Sebastian resident Kathleen Schwab-Wardell's 87-year-old father died June 12 — not from COVID-19, but after a battle with end-stage heart failure, and months of isolation, she told FLORIDA TODAY earlier this year.
He needed the support of his family, she said, and it broke her heart.
"I was able to move him on June 10 to hospice house so I could be with him," she said. "When I got there he had had a stroke. He was blind and did not recognize me. But I was able to stay with him for the last two days of his life."
An Indialantic woman who had a recent stay at West Melbourne Health and Rehabilitation Center watches COVID-19 reports with a wary eye.
Jocelyn Schuman spent several weeks recuperating after suffering a spiral break of the femur while having a routine hip replacement. Schuman, 65, entered the facility Aug. 24, leaving Oct. 7.
Over the course of those weeks, she was tested three times, with negative results.
COVID was a constant concern, Schuman said. Though state-mandated weekly testing went into effect during her stay, "they didn't tell us what they found or didn't find," she said.
While the state Department of Health reports say that 19 residents have been diagnosed and died at the West Melbourne center, parent company NHS Management disputes that.
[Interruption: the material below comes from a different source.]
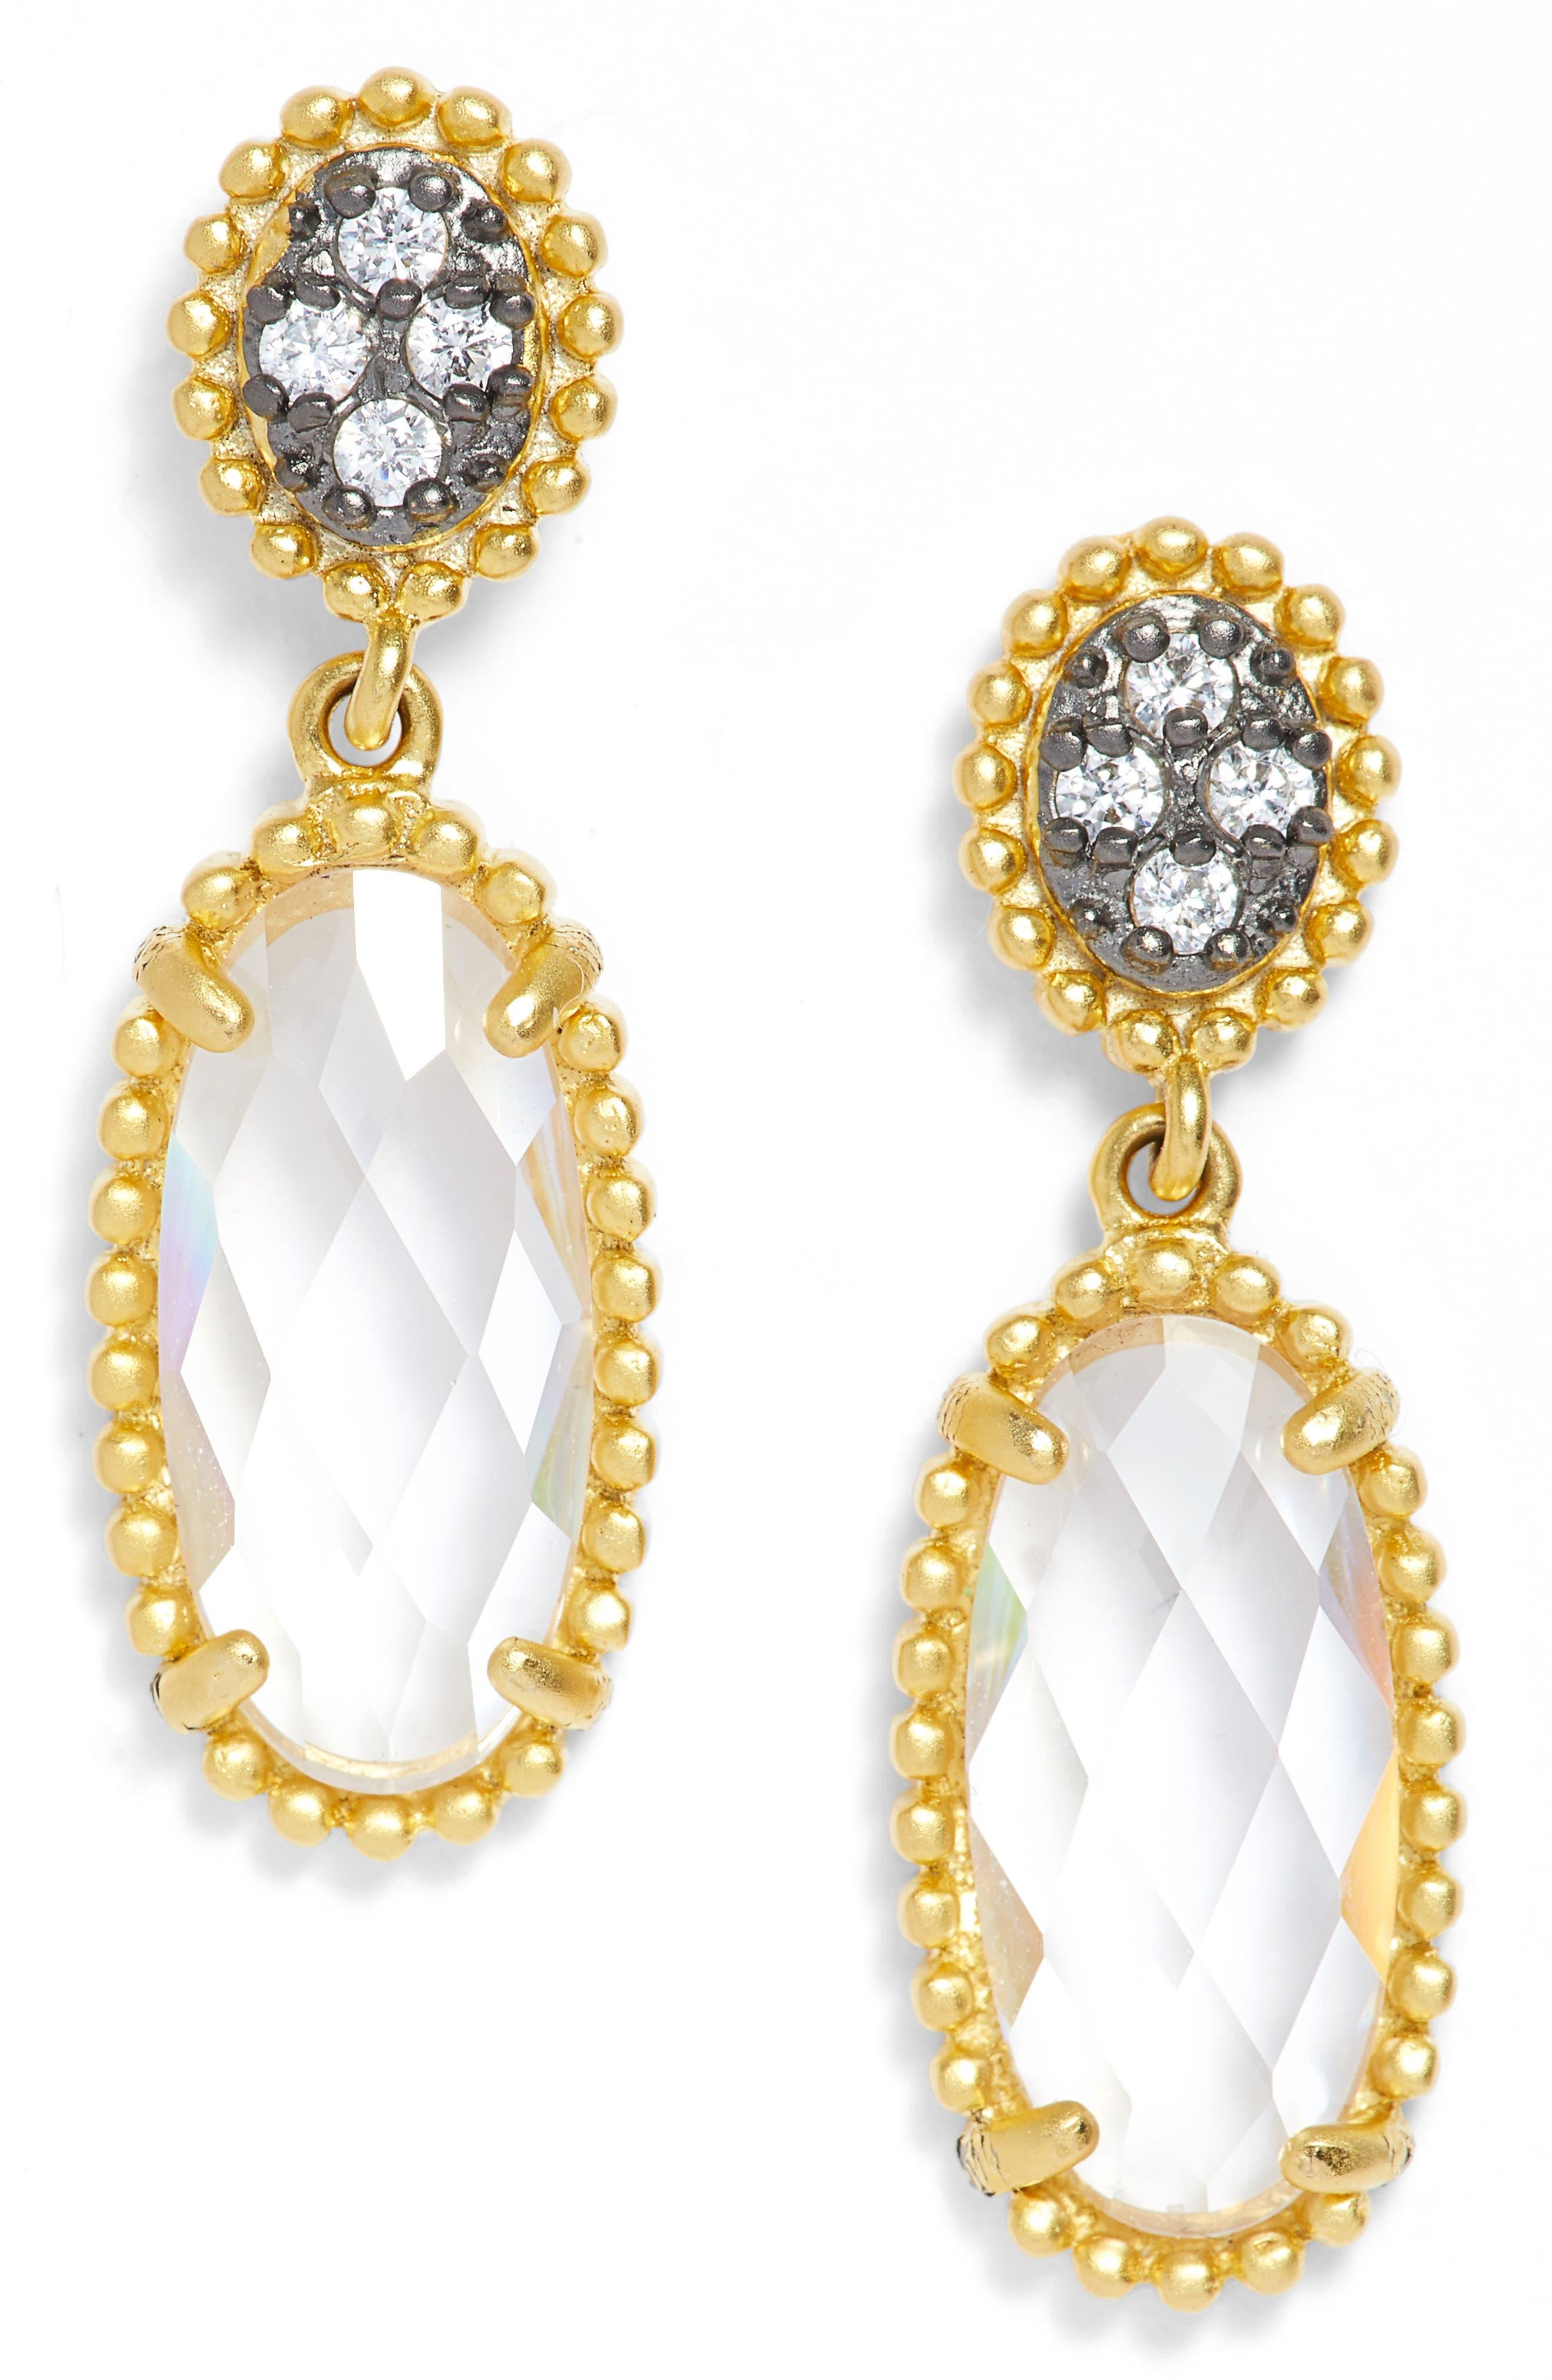 FRIEDA ROTHMAN Oval Drop Earrings,                             Main thumbnail 1, color,                             Gold/ Black Rhodium

Since March the facility has had 52 residents test positive, with 46 recovering, five deaths and one person still in isolation, said NHS spokesman Joe Perkins. During that same time, 64 employees tested positive, and all of those employees have recovered and are back at work, he said.
Of all those with positive tests in West Melbourne, more than 50% of them were asymptomatic, Perkins said, and in a nursing home setting, that makes "defeating the spread of this virus next to impossible."
But from March 13 on, "we’ve taken the position that cost was no object, that we were going to do everything humanly possible” to deter virus entry and spread at all NHS facilities, he said. That included creating an isolated, specialized wing, with biohazard walls and staff dedicated to that area, when COVID is detected in a unit.
And now, those precautions include updating families on visitation changes.
"We’re calling all the families of each our residents to brief them on the visitation protocol so they understand, and to allow them to make appointments for visitation," Perkins said.
Even though by the Sept. 1 order Schuman's husband could have been designated as an essential caregiver and had expanded rights, the two decided that "visitation through the glass would suffice."
"But I knew I was going home within weeks," Schuman said, adding that others who were there long-term "may not have been in the best shape to be assertive as me."
'Folly to underestimate the virus'
To illustrate the impact of COVID-19 deaths in long-term care facilities, AARP's Bruns points to a dozen deaths at a Hollywood, Florida, nursing home after Hurricane Irma in September 2017 that shocked the state and the nation and led to legislative action.
"This is the equivalent of Hollywood Hills every day for more than 400 days," he said. "And this is despite the best efforts of the industry, the government and the facility staff. It is folly to underestimate the virus... we're entering the most dangerous period of the pandemic, and we've already had 40% of the deaths."
The Fort Myers News-Press reported that DeSantis, asked if he'd consider rescinding the loosened restrictions should hospitalizations and deaths begin to spike again, said:
"We are not going to revoke any of this. These facilities, if they have situations, they can obviously make decisions that's in the best interest of the residents and the families. And we support them doing that."